If we implement (a) and (b), you confirm that reducing the concurrency in smaller Airflow /Astro instances leads to the same error. Another path we can follow to improve the concurrent executions of dbt tasks is not to use dbt to run the SQL but to have Airflow operators running the compiled SQL. This is a strategy companies who had to scale dbt in Airflow used in their proprietary solutions (e.g., Monzo), and were quite successful. The downside is that some macros may not work as expected, but this can be a good compromise. The downside of this strategy is that we'll have some effort per Dataware house, but it may pay off.

This issue seems to be affecting several users from the OpenSource community and Astro customers.

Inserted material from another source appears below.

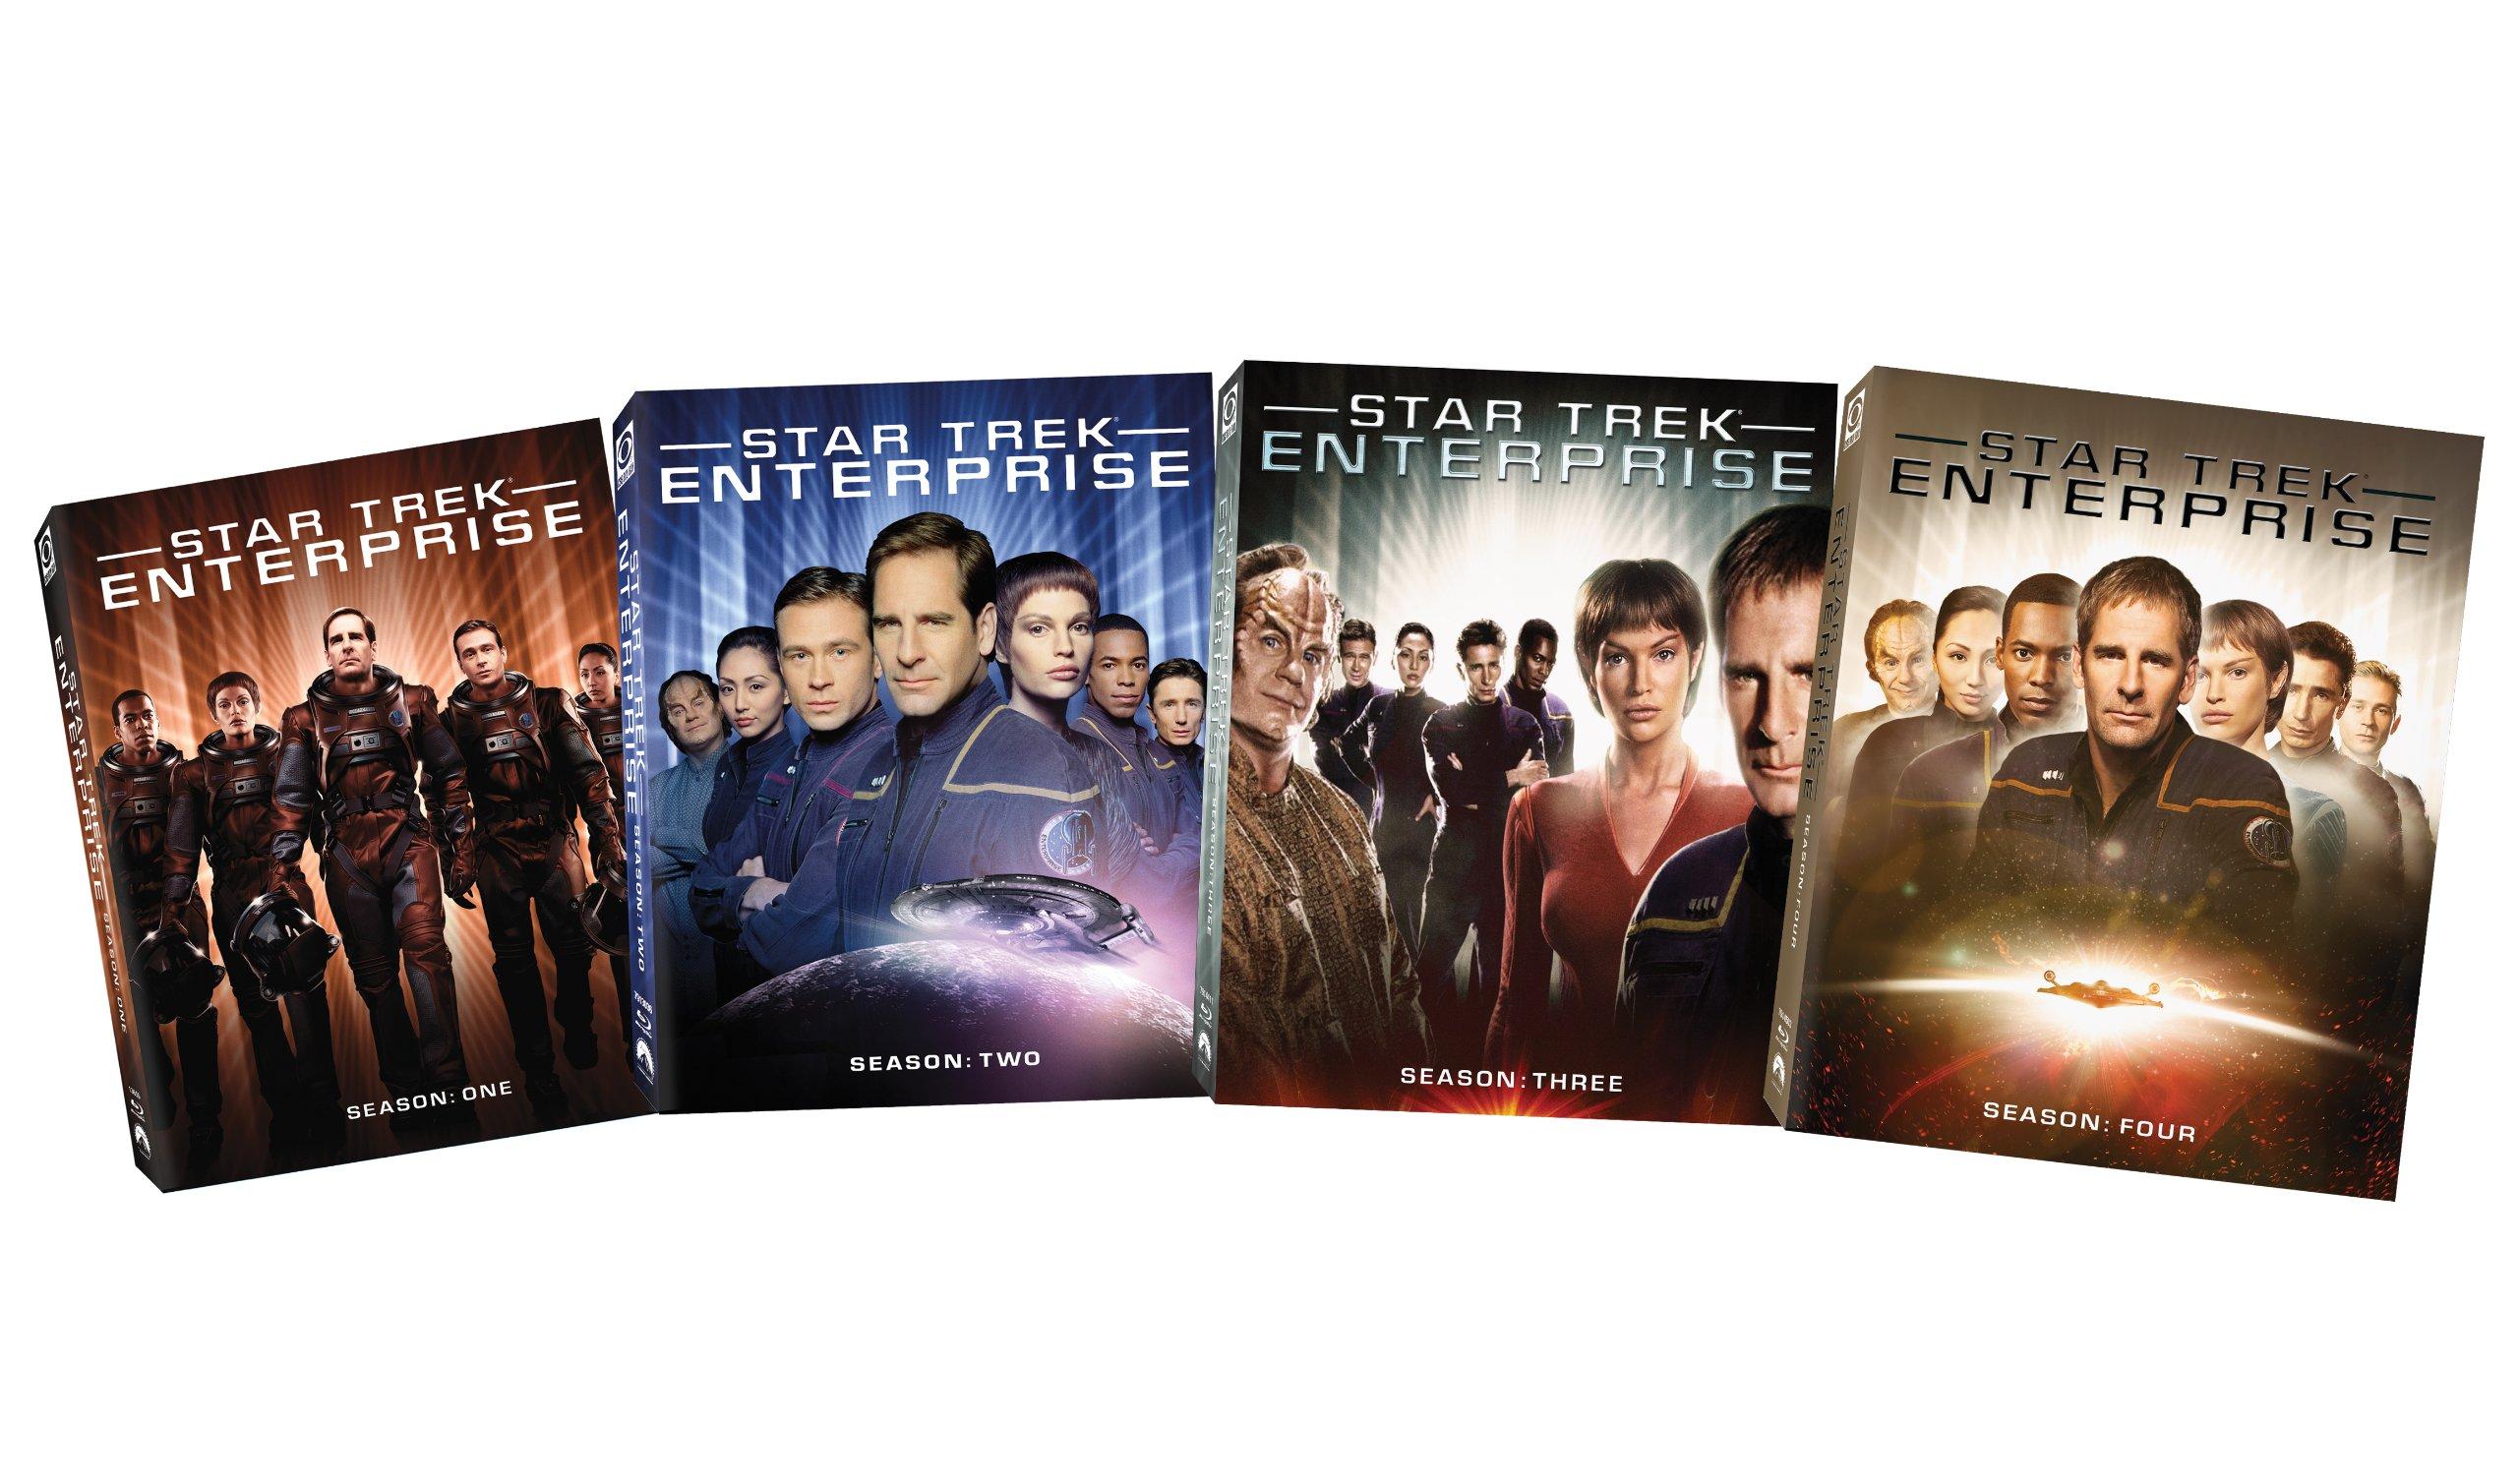 Star Trek:  Enterprise:  The Complete Series [Blu-ray] by PARAMOUNT - UNI DIST CORP

Feedback from @oliverrmaa :

First of all our dbt-bigquery version is 1.7.4 and dbt core version is 1.7.17 and in the dbt_project.yml , no we do not override any paths
The rest of the answers:
i) appear unaffected. They can occur even when there are no deployments (i.e. weekend)
ii) how do we check that?
iii) we rolled it out for 1 DAG (set it at 2) and it was very promising (i think the retries prevented it from being an issue for a > ~week), doesn't tell us root cause but addresses issue. We may roll it out to all DAGs.
iv) potentially open to this
v) Goolge BigQuery
vi) dbt core version is 1.7.17
vii) yup we do, we use operator_args={"install_deps": True} in our DbtTaskGroup()
viii) definitely not part of the original project, they are dependencies created dynamically. They do use macros like config() , source() , but so do other dbt models. We also have a custom macro that is on every single dbt model but its just a model that adds LIMIT 0 if the target is our CI environment

On (ii), I'd recommend the following steps:

  1. Open the Deployment in the Astro UI.
  2. Click on Overview.
  3. Click Get Analytics.
  4. You can view the following metrics related to ephemeral storage:
    Ephemeral storage usage (Kubernetes Executor/KubernetesPodOperator): This metric shows how your Kubernetes tasks use available ephemeral storage as a percentage of the total ephemeral storage configured. You can adjust the graph's y-axis to better fit your data or zoom in to view details.
    Ephemeral storage usage (Celery workers): This metric shows how your Celery worker uses available ephemeral storage as a percentage of the total ephemeral storage configured. You can also adjust the graph's y-axis to better fit your data or zoom in to view details [1].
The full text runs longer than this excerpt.